Он вложил в это заклинание столько решимости, сколько смог в себе обнаружить и даже ещё чуть-чуть больше. И рукой двинул гораздо решительнее, уже не цыплёнку голову отрывая, а по меньшей мере гусю. Только это не помогло. Принужение не сработало.
— Всё? — ехидно поинтересовался Ванька. — Может, ещё разок попробуешь для верности.
— Третья спетень принужения! — провозгласил Смакла страшным голосом, едва удерживаясь при этом от слёз. — Принужение огнём! Фарахарафарайр-р-р-ра!
Подвернись в этот момент под руки мамонт, лишился бы бедный зверь не только хобота, но и ушей, с таким отчаянием изобразил Смакла магический жест.

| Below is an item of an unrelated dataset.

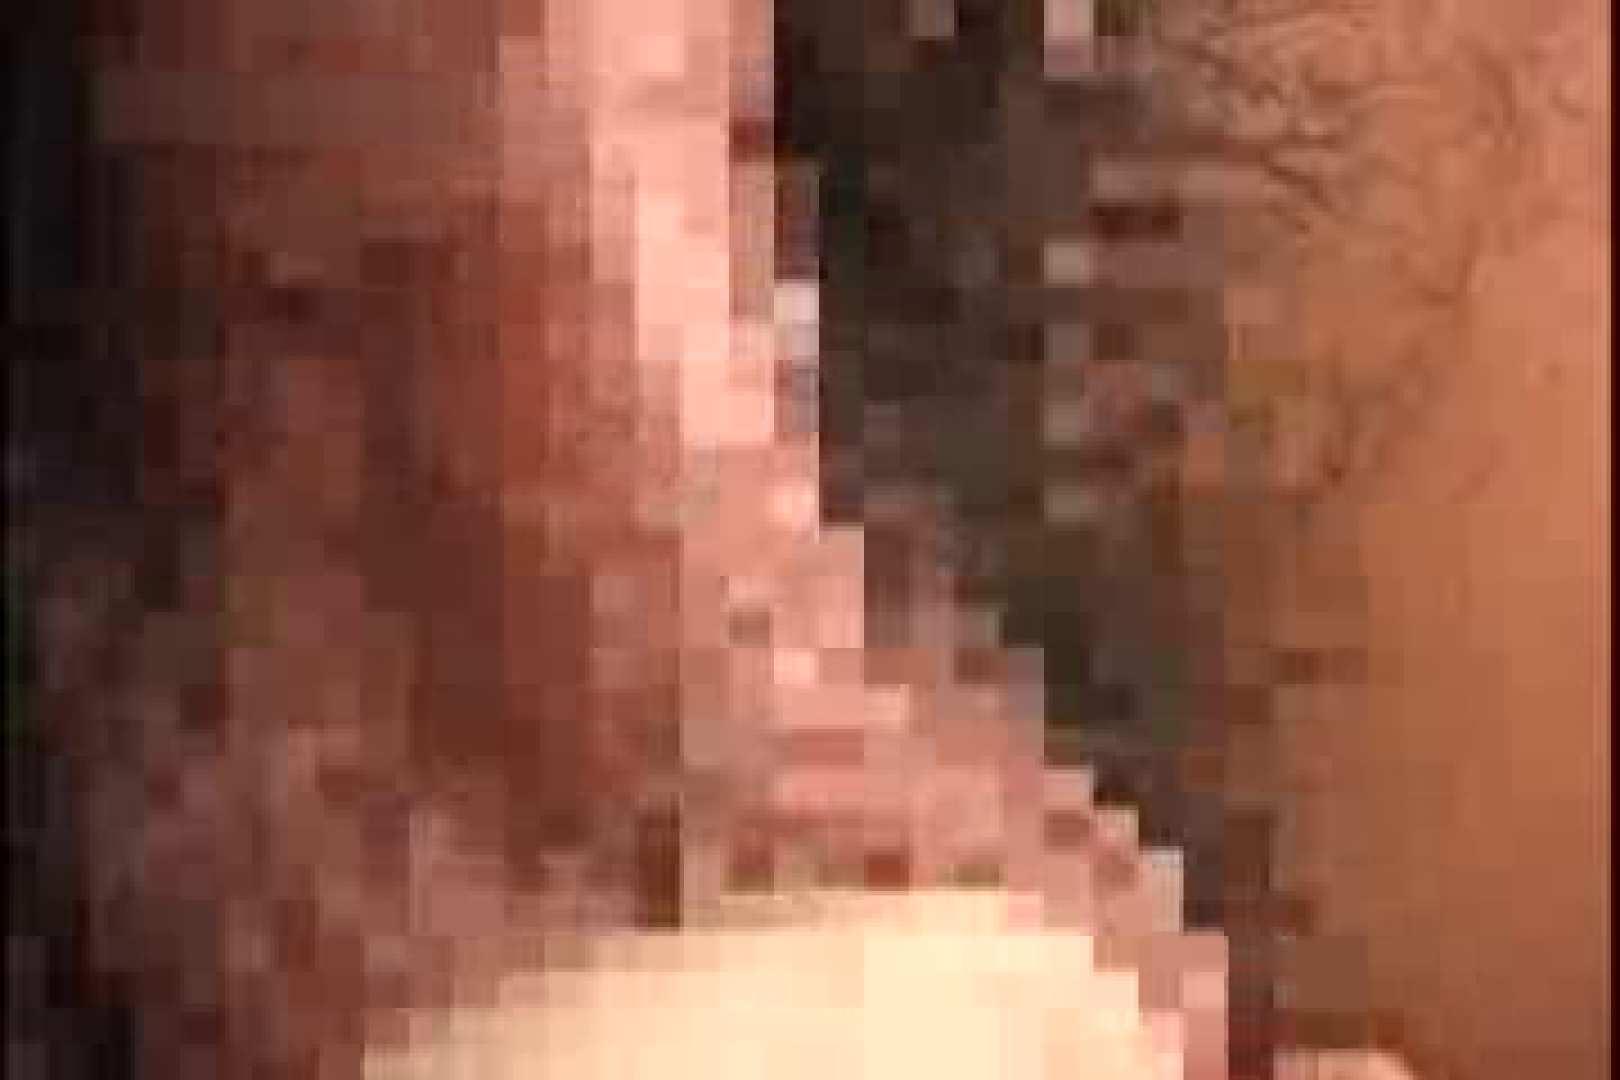 【期間限定】大集合!!カッコ可愛いメンズの一穴入根!!vol.56 チンコ特集 射精無修正動画 75pic 10
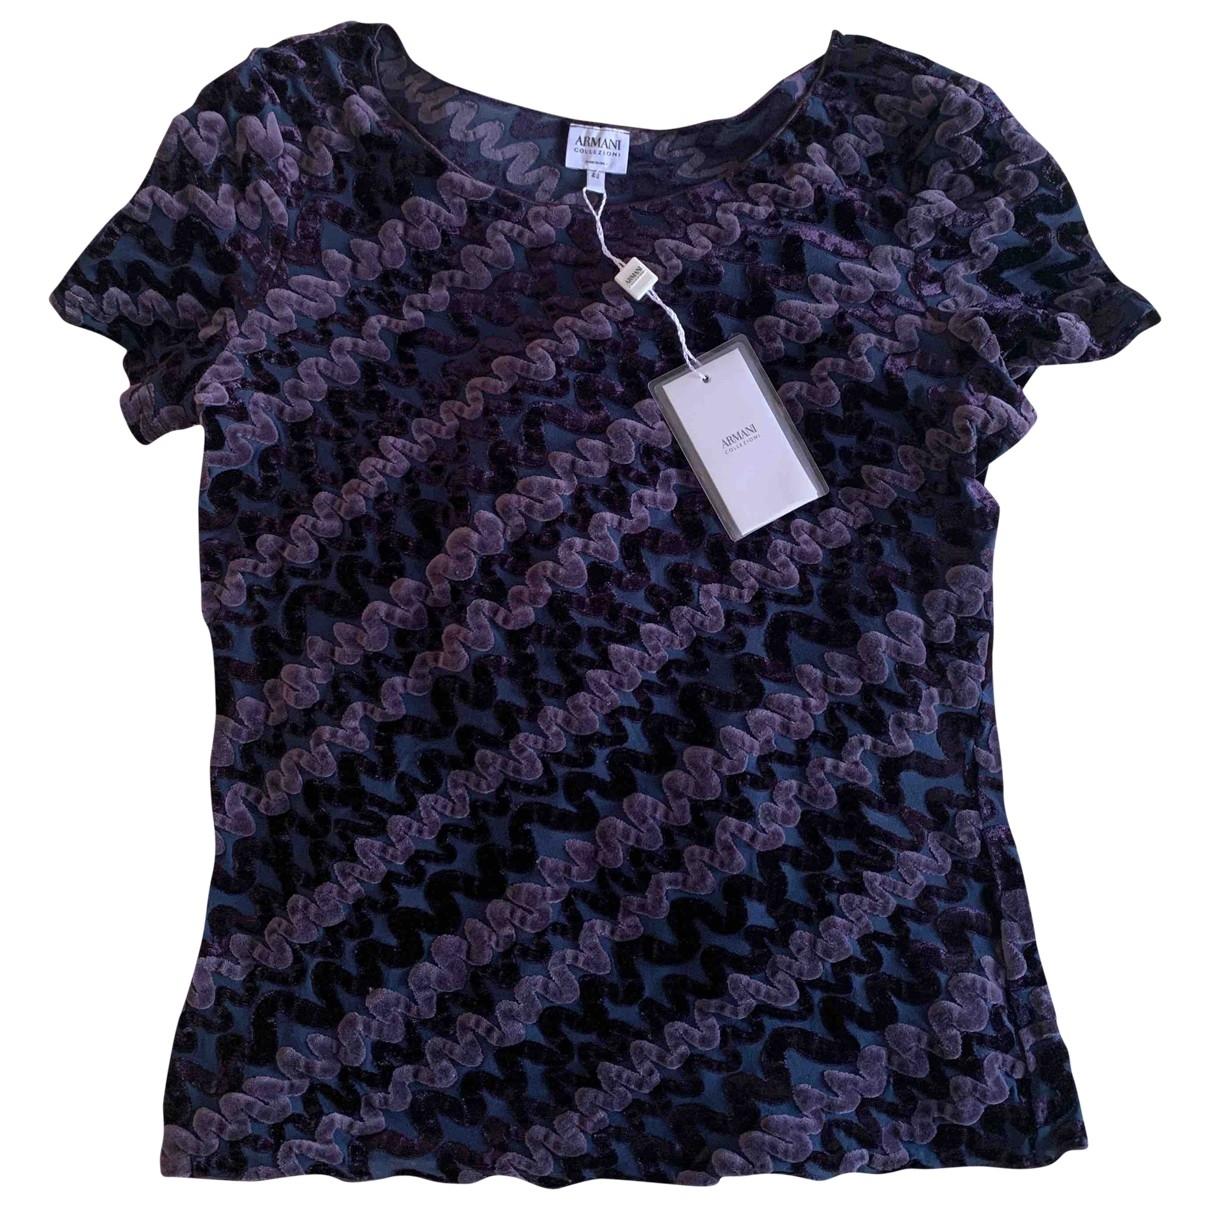 Armani Collezioni \N Purple  top for Women 48 IT

Свечи дружно мигнули. Минута, растянувшаяся для младшего слуги чуть ли не на час, прошла в дружном напряжённом молчании. Свечи помедлили и робко мигнули ещё раз.
И всё.
Мальчишки смотрели на Смаклу и улыбались. Всё-таки здорово, что не придётся строить хутора и добывать неизвестно откуда золото. Есть всё-таки на белом свете справедливость. Даже если этот мир магический и, возможно, не совсем белый. У Смаклы дрожали губы. Поняв, что больше ждать нечего, он рухнул на колени.
— Пощадите! Ничего мне не надобно! Ошибся я! Горе мне, бестолковому, горе!
— Вот это другой разговор! — обрадовался Ванька. — А то раскомандовался тут! Нашёл себе… гастарбайтеров!
— Не губите! — надрывался Смакла. — Всё отдам!
— Ладно, хватит вопить! — поморщился Стёпка. Голос у перепуганного гоблина был на редкость противный.
— О милости нижайше молю!
— Успокойся, ничего мы тебе… Закрой рот, я сказал!
Смакла замолк.
— Отвечай, несчастный, куда мы попали?
— Из-за тебя, между прочим, — добавил Ванька.
— К-к-нам, о ваши демонические велико… высоча… всемогу… владетельства.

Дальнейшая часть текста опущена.